A pleased flush rose from his white collar. “That's a vast exaggeration, Miranda,” he said, “but since, like most men, I plead guilty to being highly susceptible to feminine flattery, I won't argue with you.”

“It isn't flattery at all. It's true,” she lied deftly. “And I know it's very naughty of me to call you on such late notice, but I must be returning to London soon, and I'm so very concerned about Aunt Eleanor.”

He frowned. “I do hope she hasn't had another occurrence of that heart problem.”

“Oh, no, nothing like that, thank goodness,” Miranda hastened to assure him. “But she has been behaving quite strangely lately. I felt it prudent to obtain advice.”

His fuzzy white eyebrows lifted above the rim of his reading glasses. “Legal advice?”

“Not really.” She lowered her eyes to the faded carpet, as if trying to frame her answer. “Actually,” she murmured as she met his waiting gaze again, “I came to you, Teddy, because you're her dearest friend. And I'm terribly afraid Aunt Eleanor is going to need all the friends she can get.”

“Oh, my. This does sound ominous.”

“Wait until you hear the entire story.”

They lunched at the Polo Lounge, where it was apparent that the attorney enjoyed being seen in the company of a much younger, attractive woman. Miranda knew he'd been widowed for nearly as long as he'd been running the office without a partner. Her spies had also told her that for the past decade, he'd been living a scholarly, celibate existence more suited to a Trappist monk than a rich attorney in Lotus Land.

Well, that would soon change. Teddy Galbraith didn't know it, she thought with an inward smile as she refilled their glasses from a second bottle of Tattinger champagne, but he was about to get lucky.
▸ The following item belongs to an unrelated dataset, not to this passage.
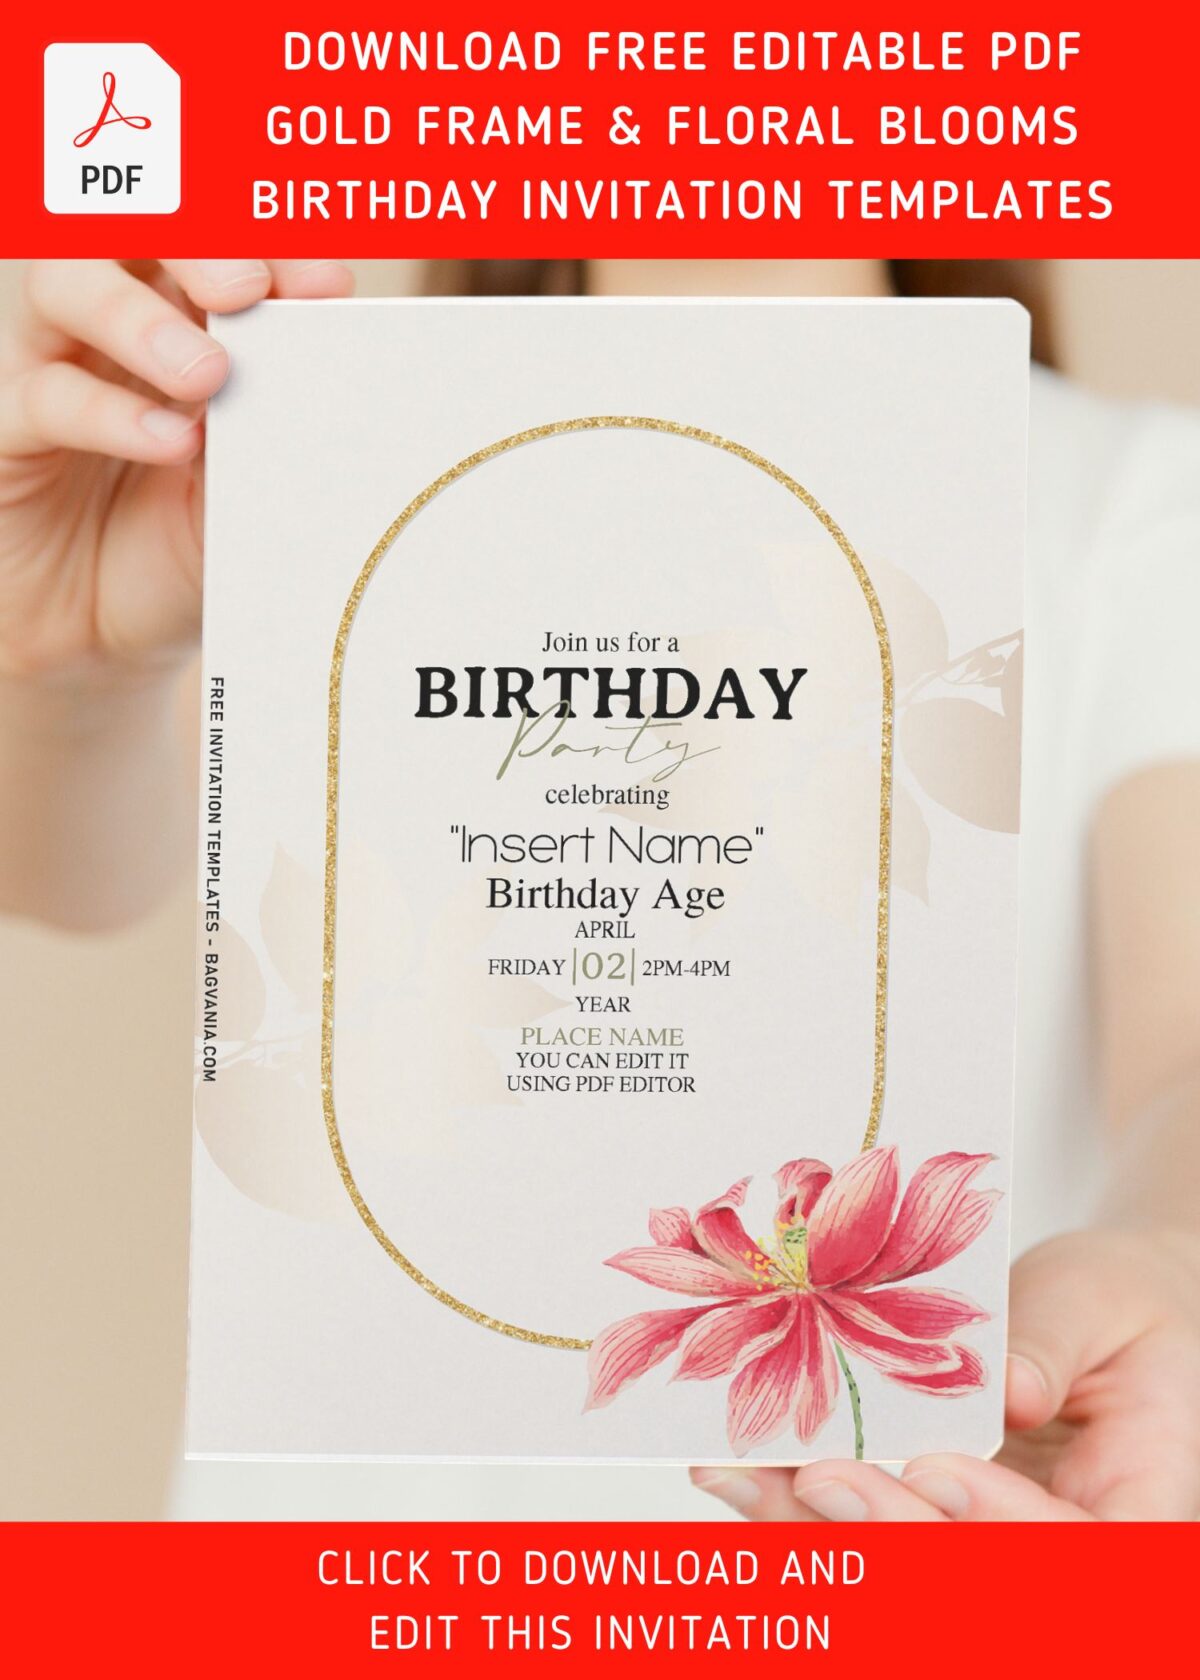 (Free Editable PDF) Gold Frame And Floral Blooms Invitation Templates with editable text
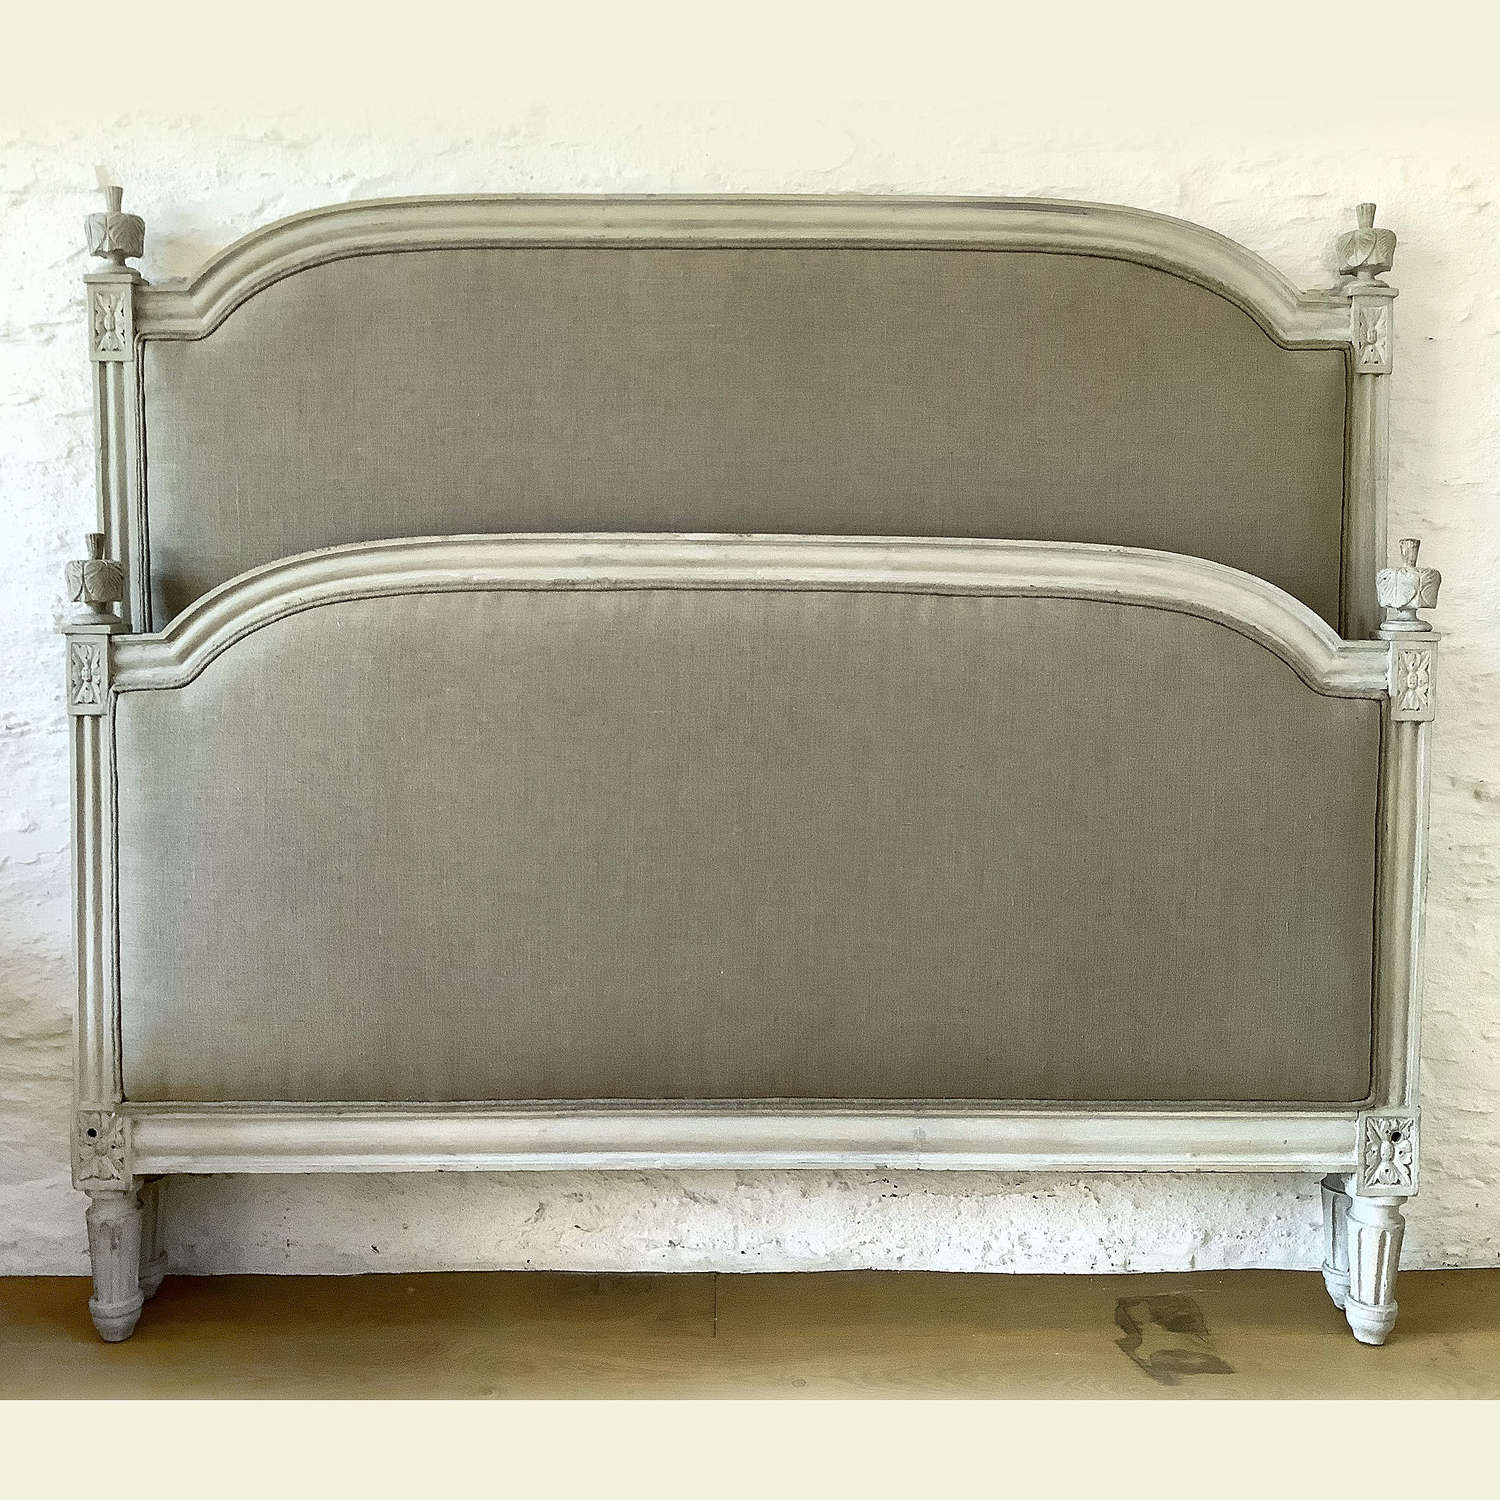 19th Century Louis XVI stryle king size bedstead

They were both slightly tipsy when her driver finally returned them to his office. Teddy more than her. But she'd been careful that he hadn't gotten too drunk. She definitely hadn't wanted to render the elderly attorney impotent.

“I can't believe Eleanor's involved in the mumbo jumbo spirit world,” he said for the umpteenth time. He'd been upset by Miranda's description of the séances, not to mention the suspicious circumstances surrounding the deaths of
Clara Kowalski's former husbands. “She's always been such a sensible woman.”

“I know. That's what makes her behavior all the more bizarre,” Miranda agreed earnestly.

It was late afternoon. His secretary had gone for the day, leaving them alone in the office. Miranda sat down on the leather sofa and crossed her legs.

For a moment he seemed tempted to join her on the couch. She smiled to herself as he overcame the temptation and chose the high-backed chair behind his desk, instead. If he thought that wide expanse of oak was going to protect him, she mused wickedly, the old dear was sadly mistaken.

“I do wish there was something, anything, we could do,” she murmured.

He ran a hand over his head, ruffling his wispy white hair, torn between dual loyalties. “I agree this is worrisome, Miranda.” Unaccustomed to drinking in the middle of the day, his tongue felt thick and awkward, forcing him to speak slowly.